# DNS - Auflösen einer DynDNS Domain



## marko (26. November 2003)

Hi

Ich betreibe die Domain "www.delphi-help.de". Diese ist leider als reine Weiterleitungsdomain bei Freecity registriert. Ich würde Sie allerdings gern direkt registrieren, damit ich auch als MX für diese Domain auftreten kann.

Der derzeitige Aufbau:

http://www.delphi-help.de                    -    leitet HTTP (Port: 80) weiter auf
delphi-help.homelinux.com       -    diese Addresse gibt immer meine aktuelle 
                                                              IP wieder.

Wenn ich jetzt die Domain direkt registriere muss ich einen DNS-Server für die Domain angeben.

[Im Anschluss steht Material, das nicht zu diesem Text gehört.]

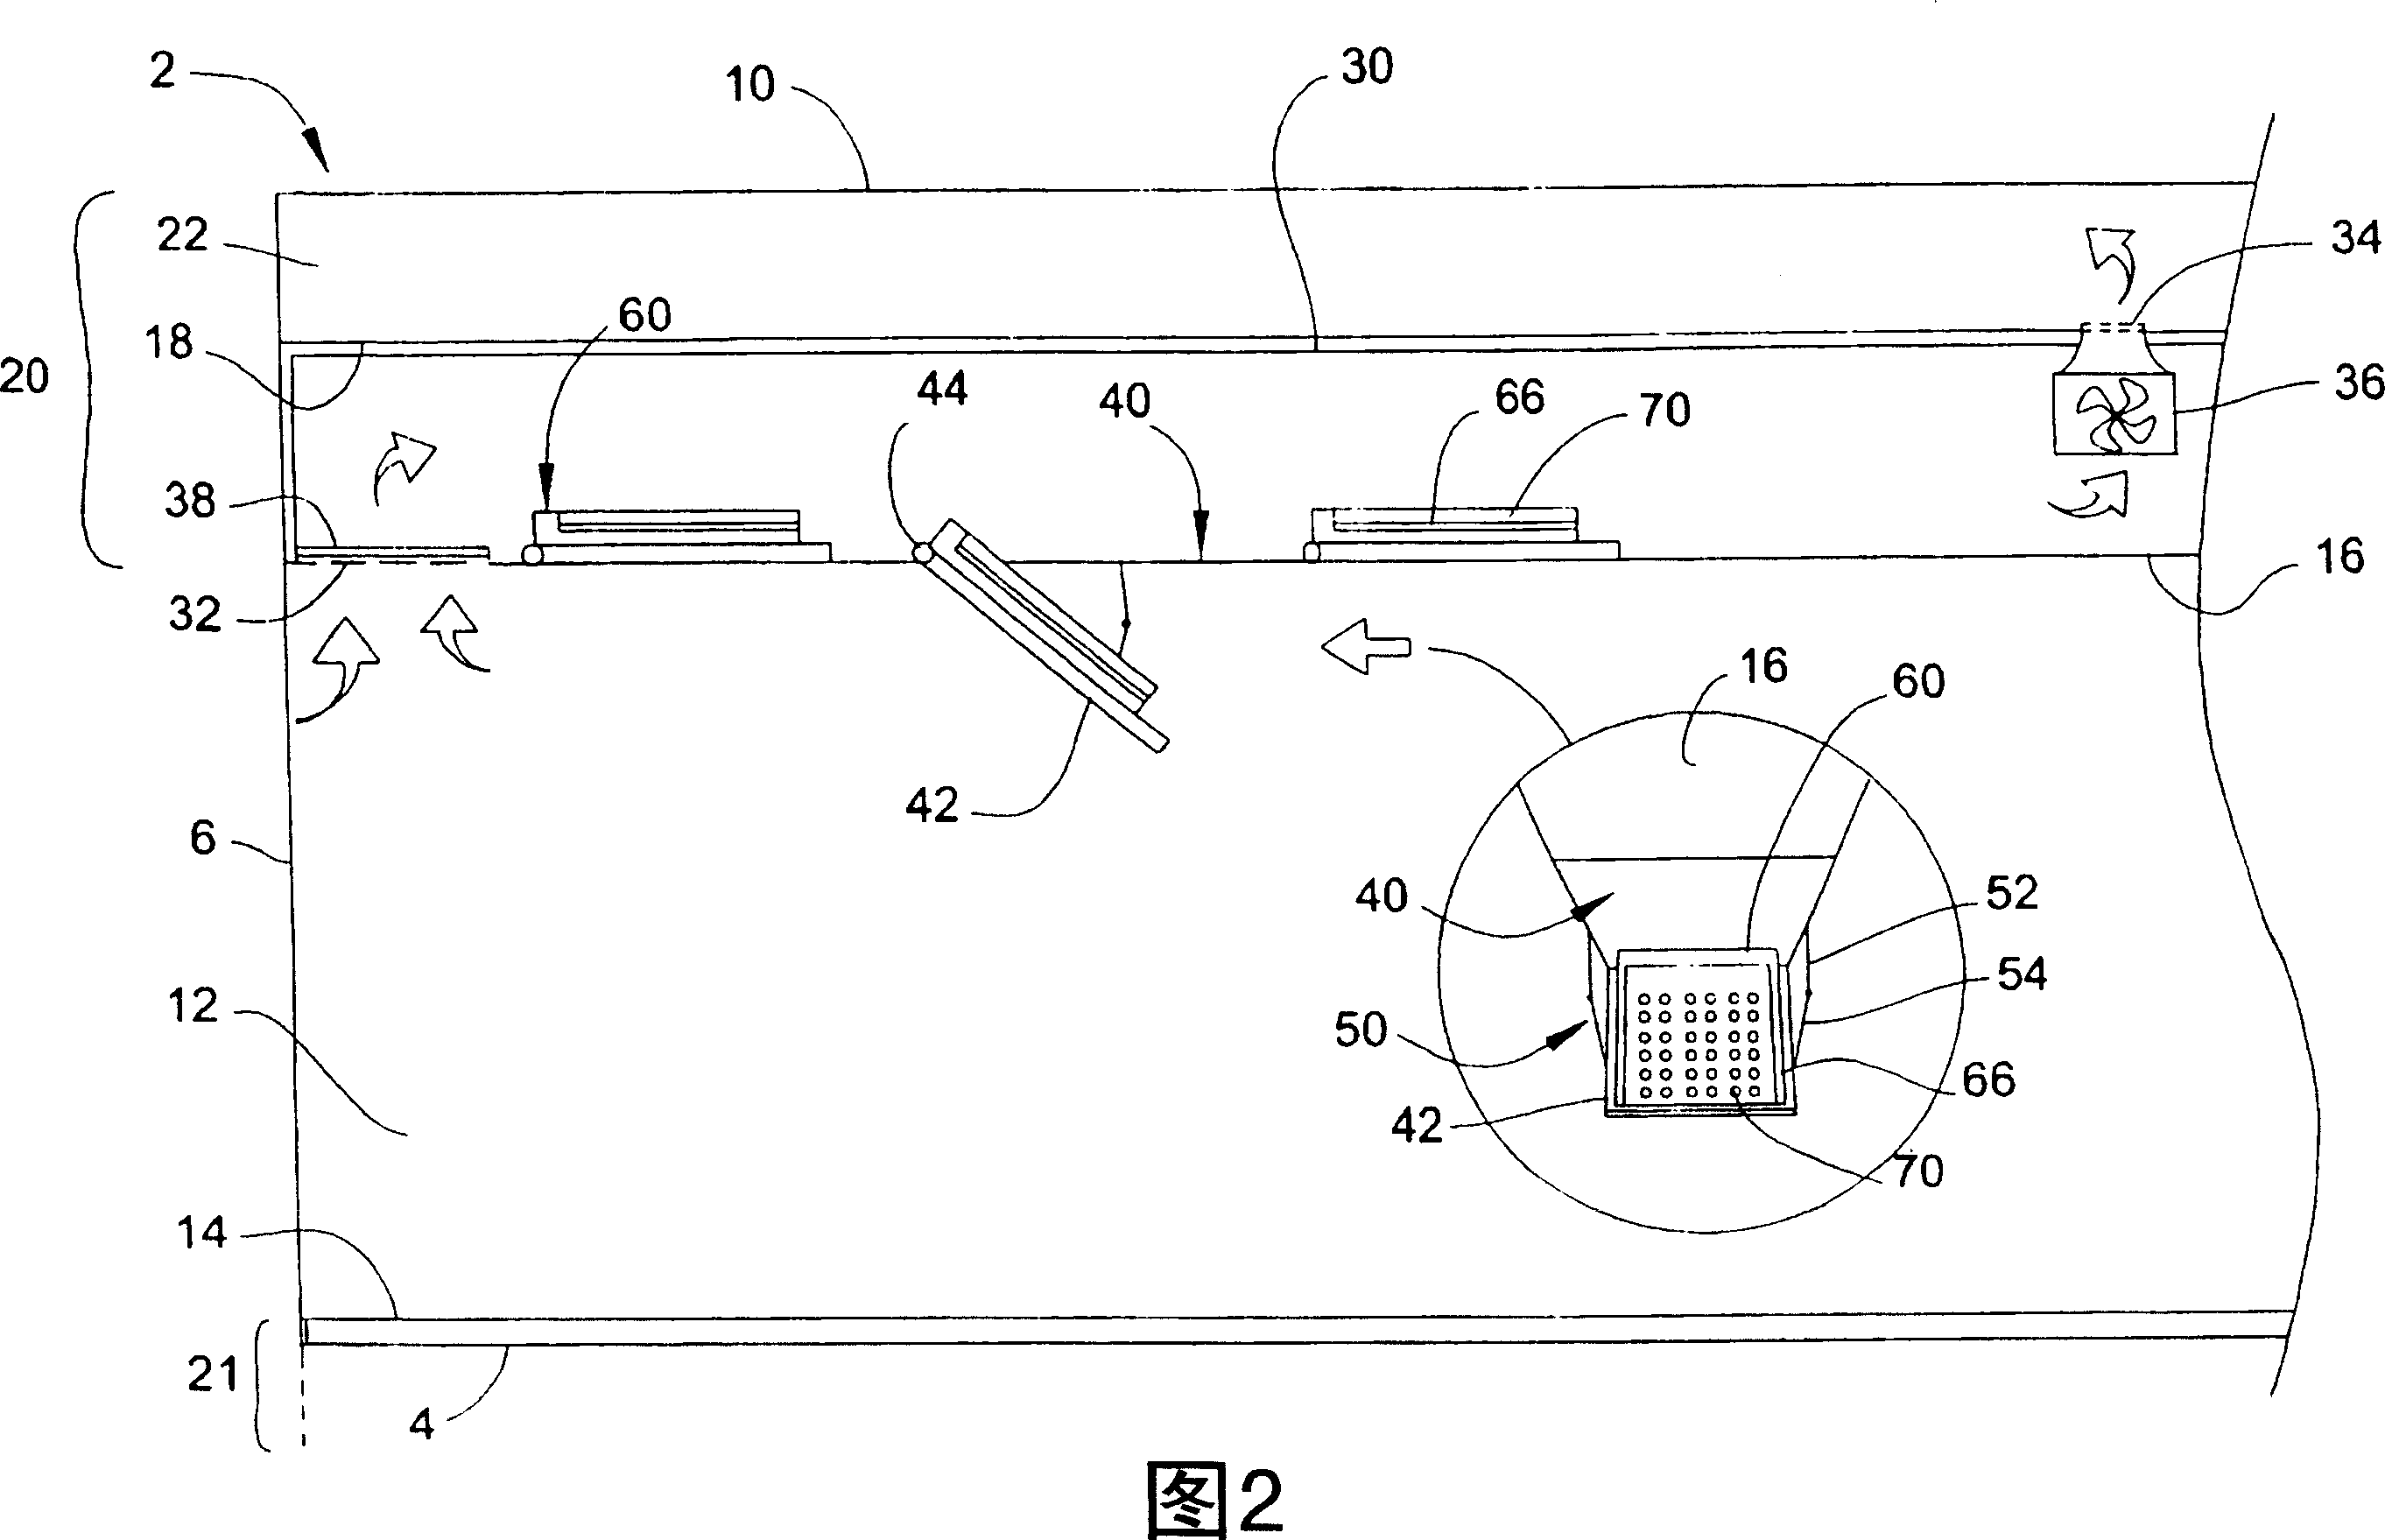 Storage system for electrical equipment in vehicles

Einen DNS Server unter Linux hat ein bekannter von mir, allerdings wissen wir nicht wie wir ihn einrichten müssen, damit er auch meine aktuelle IP herausgibt, da ich ja nur auf  "delphi-help.homelinux.com" verweisen kann.

Der DNS Server ist ein BIND-Server unter Linux.

Falls jemand eine Lösung für das Problem kennt oder eine andere möglichst günstige alternative würde ich mich über eine Antwort sehr freuen

vielen Dank

Marko


----------